(Stored items)
'''
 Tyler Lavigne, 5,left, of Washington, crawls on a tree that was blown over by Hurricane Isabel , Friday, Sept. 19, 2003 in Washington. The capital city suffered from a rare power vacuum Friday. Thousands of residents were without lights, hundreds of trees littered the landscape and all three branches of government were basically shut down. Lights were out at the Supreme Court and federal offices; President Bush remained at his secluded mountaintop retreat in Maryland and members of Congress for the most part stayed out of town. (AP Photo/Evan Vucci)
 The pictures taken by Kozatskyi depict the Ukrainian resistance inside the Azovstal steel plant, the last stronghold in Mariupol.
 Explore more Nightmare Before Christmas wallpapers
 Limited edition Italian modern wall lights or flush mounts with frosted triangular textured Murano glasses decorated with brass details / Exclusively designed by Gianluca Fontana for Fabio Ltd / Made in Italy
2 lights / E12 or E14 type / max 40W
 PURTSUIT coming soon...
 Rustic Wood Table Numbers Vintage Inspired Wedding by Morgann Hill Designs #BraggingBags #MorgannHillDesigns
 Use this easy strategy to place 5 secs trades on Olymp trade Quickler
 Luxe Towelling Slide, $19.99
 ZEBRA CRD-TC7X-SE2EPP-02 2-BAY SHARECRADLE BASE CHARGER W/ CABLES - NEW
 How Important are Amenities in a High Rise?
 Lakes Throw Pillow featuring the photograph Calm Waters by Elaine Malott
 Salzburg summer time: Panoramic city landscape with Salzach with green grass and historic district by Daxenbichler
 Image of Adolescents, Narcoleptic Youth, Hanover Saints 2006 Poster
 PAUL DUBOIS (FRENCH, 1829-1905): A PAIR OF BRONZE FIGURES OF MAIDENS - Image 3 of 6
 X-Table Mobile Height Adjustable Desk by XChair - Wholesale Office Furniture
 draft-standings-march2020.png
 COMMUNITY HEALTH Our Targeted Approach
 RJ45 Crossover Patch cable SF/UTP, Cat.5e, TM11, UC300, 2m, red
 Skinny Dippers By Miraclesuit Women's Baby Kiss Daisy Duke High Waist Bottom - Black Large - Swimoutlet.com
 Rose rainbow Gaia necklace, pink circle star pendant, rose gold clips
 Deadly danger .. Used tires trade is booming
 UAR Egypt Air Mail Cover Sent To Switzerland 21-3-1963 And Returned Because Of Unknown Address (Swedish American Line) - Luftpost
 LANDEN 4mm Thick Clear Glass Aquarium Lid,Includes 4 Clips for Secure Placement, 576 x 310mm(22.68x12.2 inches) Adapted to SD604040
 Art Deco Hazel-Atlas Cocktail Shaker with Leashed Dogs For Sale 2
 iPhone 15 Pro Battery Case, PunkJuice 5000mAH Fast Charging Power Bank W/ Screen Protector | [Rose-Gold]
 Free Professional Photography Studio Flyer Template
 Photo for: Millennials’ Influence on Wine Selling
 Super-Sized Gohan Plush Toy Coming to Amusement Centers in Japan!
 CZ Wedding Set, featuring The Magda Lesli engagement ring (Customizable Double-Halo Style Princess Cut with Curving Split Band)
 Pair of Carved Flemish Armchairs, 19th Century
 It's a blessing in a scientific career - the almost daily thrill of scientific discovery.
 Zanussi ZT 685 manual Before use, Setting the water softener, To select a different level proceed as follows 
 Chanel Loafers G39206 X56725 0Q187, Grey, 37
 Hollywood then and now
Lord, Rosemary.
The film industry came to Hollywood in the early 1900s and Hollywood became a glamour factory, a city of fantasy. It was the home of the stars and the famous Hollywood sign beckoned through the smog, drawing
'''
_Task objective:_
Restate word for word the lines of the data above, starting at the line containing "Deadly danger .. Used tires trade is booming" and ending at the line containing "LANDEN 4mm Thick", both included, and nothing more.

_Expected output:_
 Deadly danger .. Used tires trade is booming
 UAR Egypt Air Mail Cover Sent To Switzerland 21-3-1963 And Returned Because Of Unknown Address (Swedish American Line) - Luftpost
 LANDEN 4mm Thick Clear Glass Aquarium Lid,Includes 4 Clips for Secure Placement, 576 x 310mm(22.68x12.2 inches) Adapted to SD604040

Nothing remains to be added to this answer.